Only the lines from the line containing "The Cost of" to the end of the material belong in the copy; set them down exactly, without pictures.

BEGIN Data section

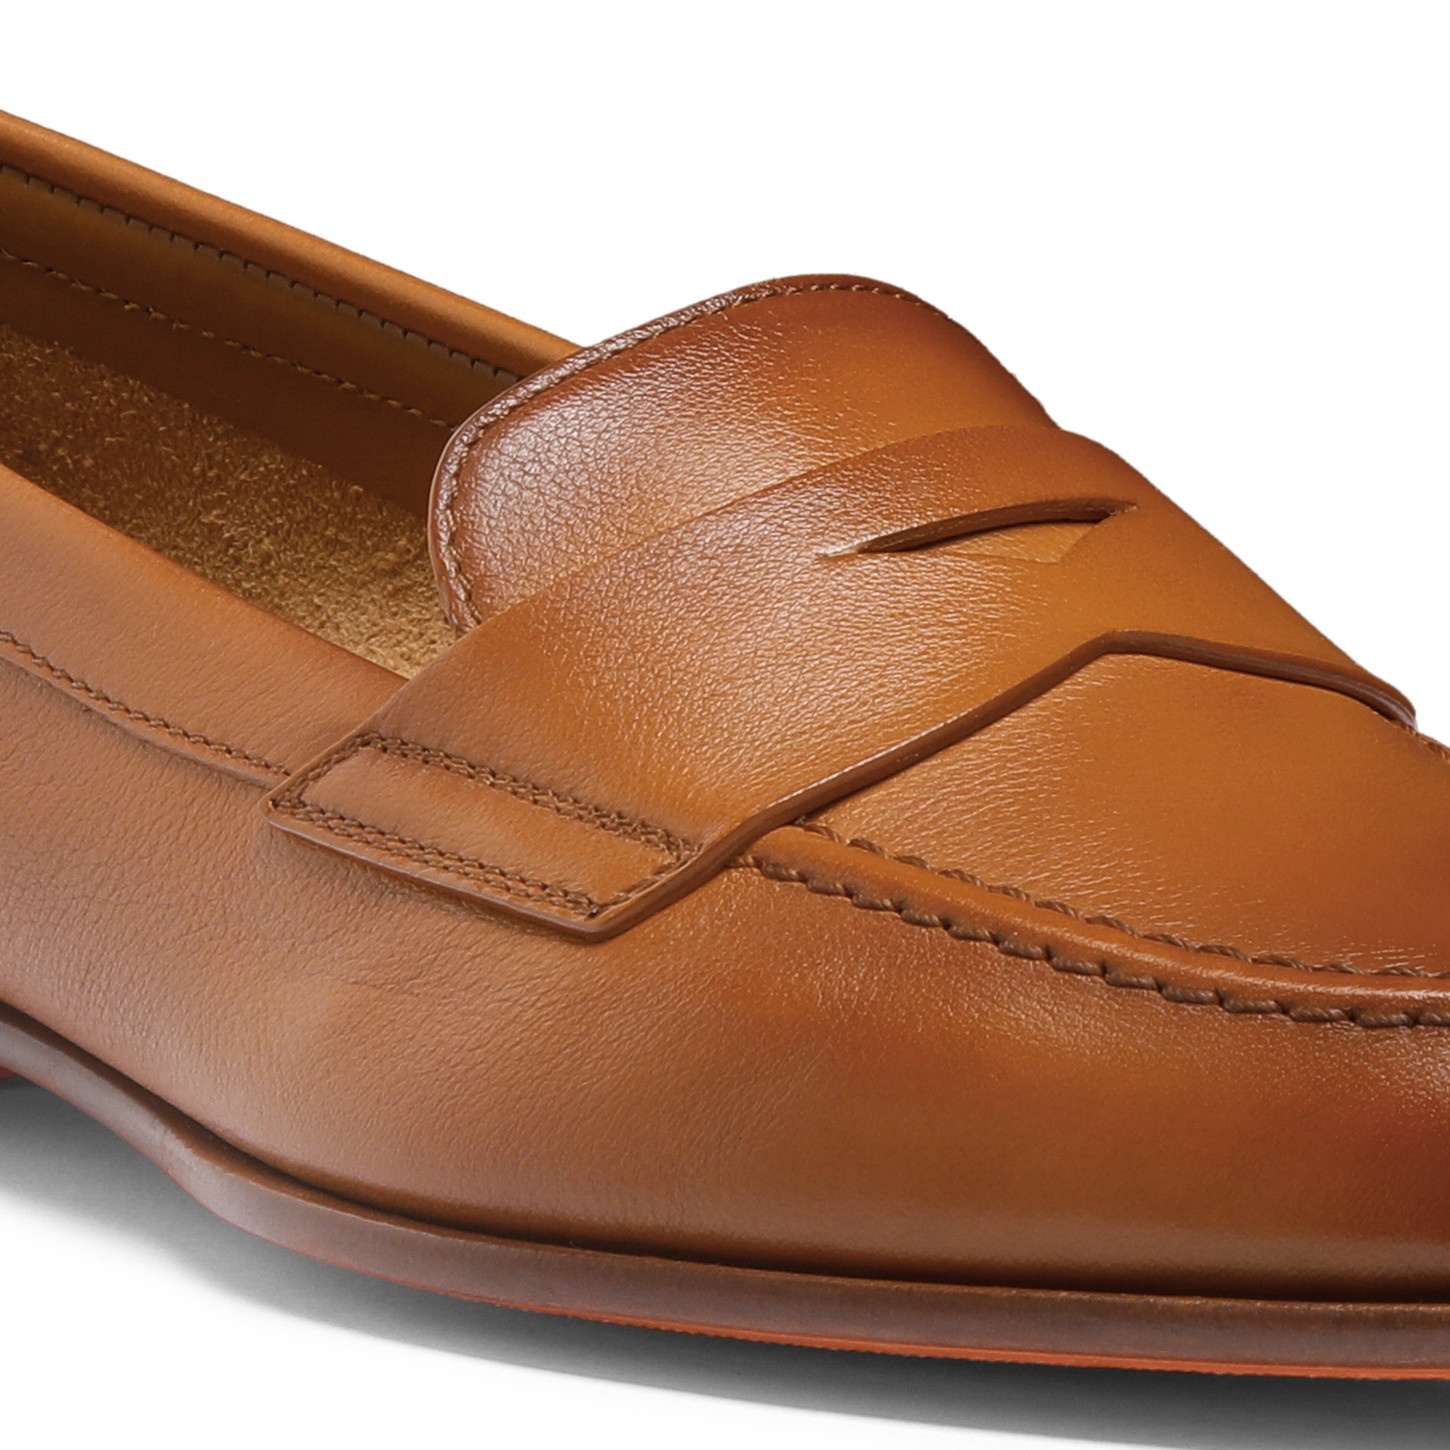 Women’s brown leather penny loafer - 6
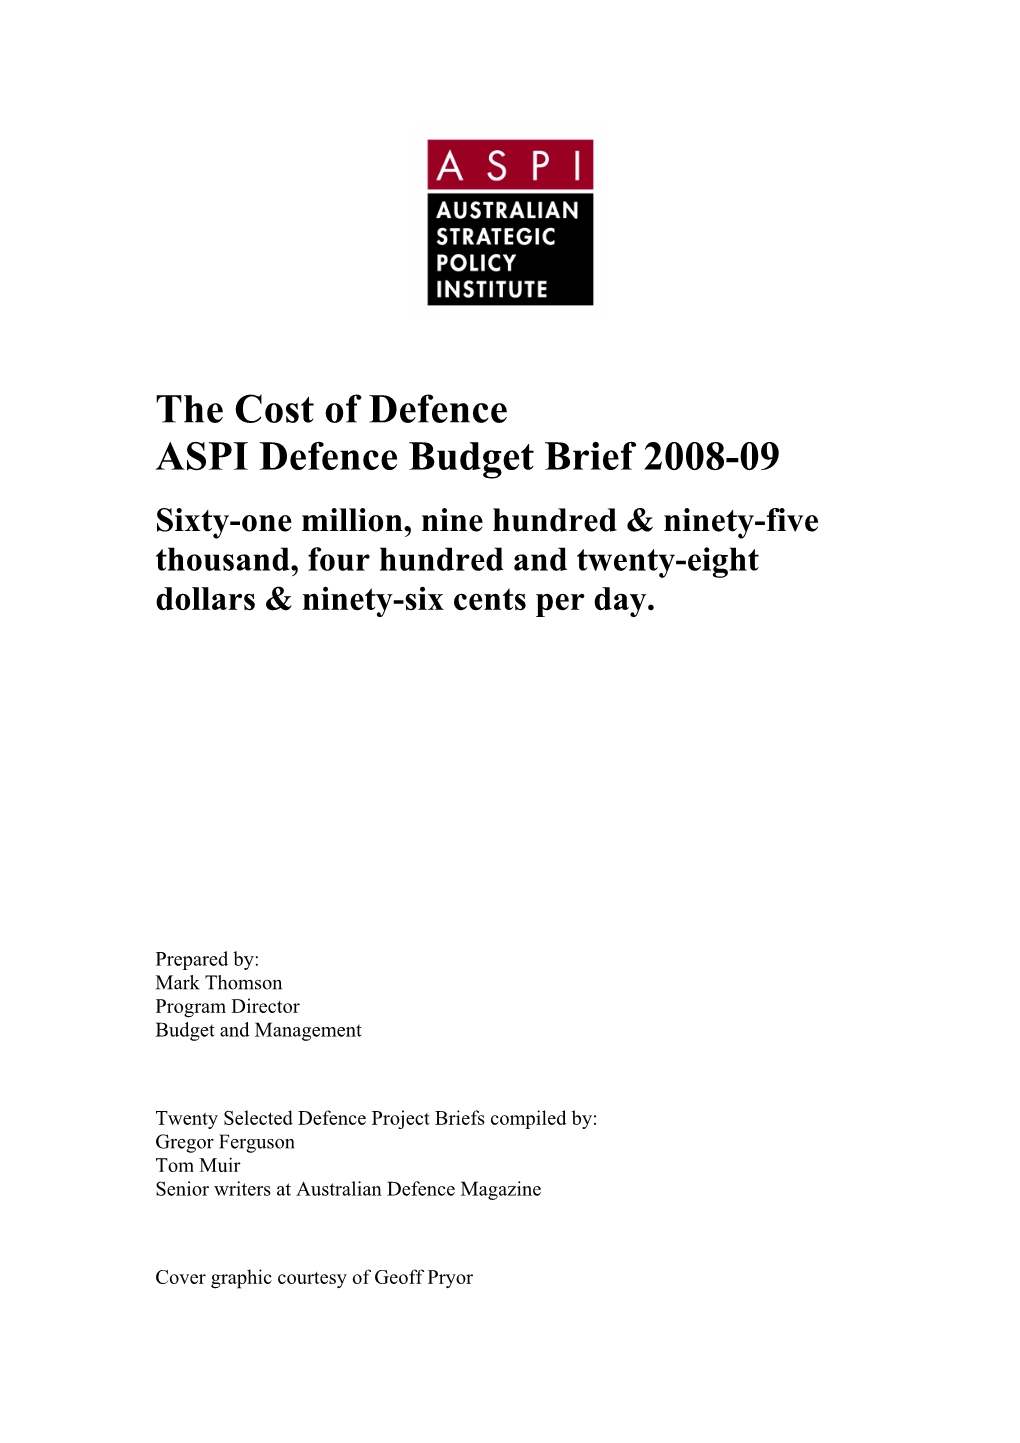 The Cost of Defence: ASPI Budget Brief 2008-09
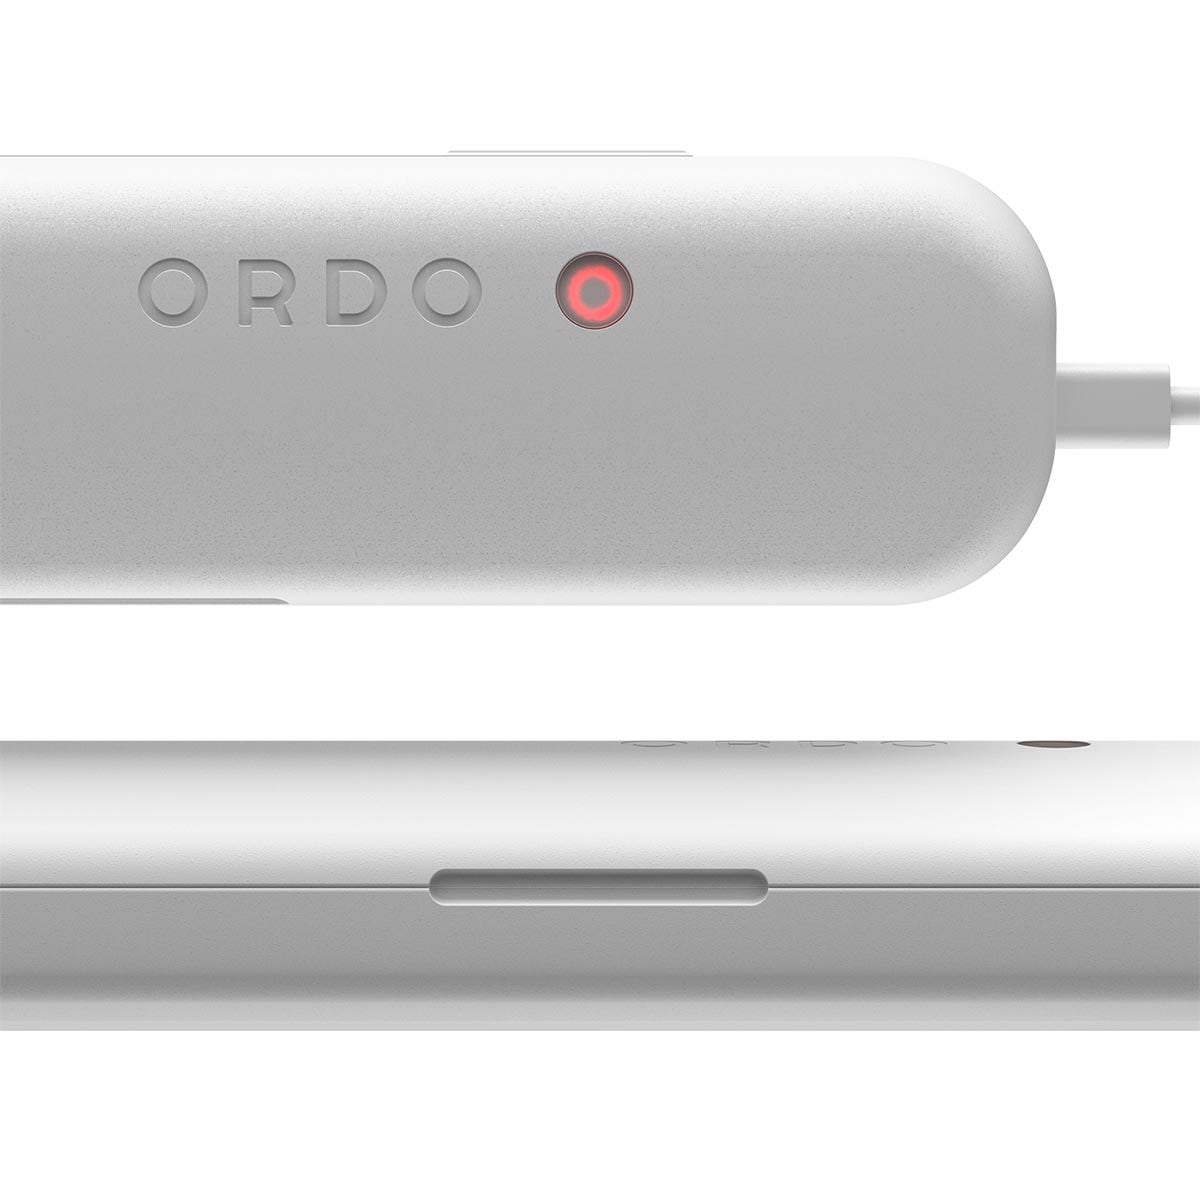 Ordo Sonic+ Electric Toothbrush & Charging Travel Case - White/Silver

END Data section

== Result of the task ==
 The Cost of Defence: ASPI Budget Brief 2008-09
 Ordo Sonic+ Electric Toothbrush & Charging Travel Case - White/Silver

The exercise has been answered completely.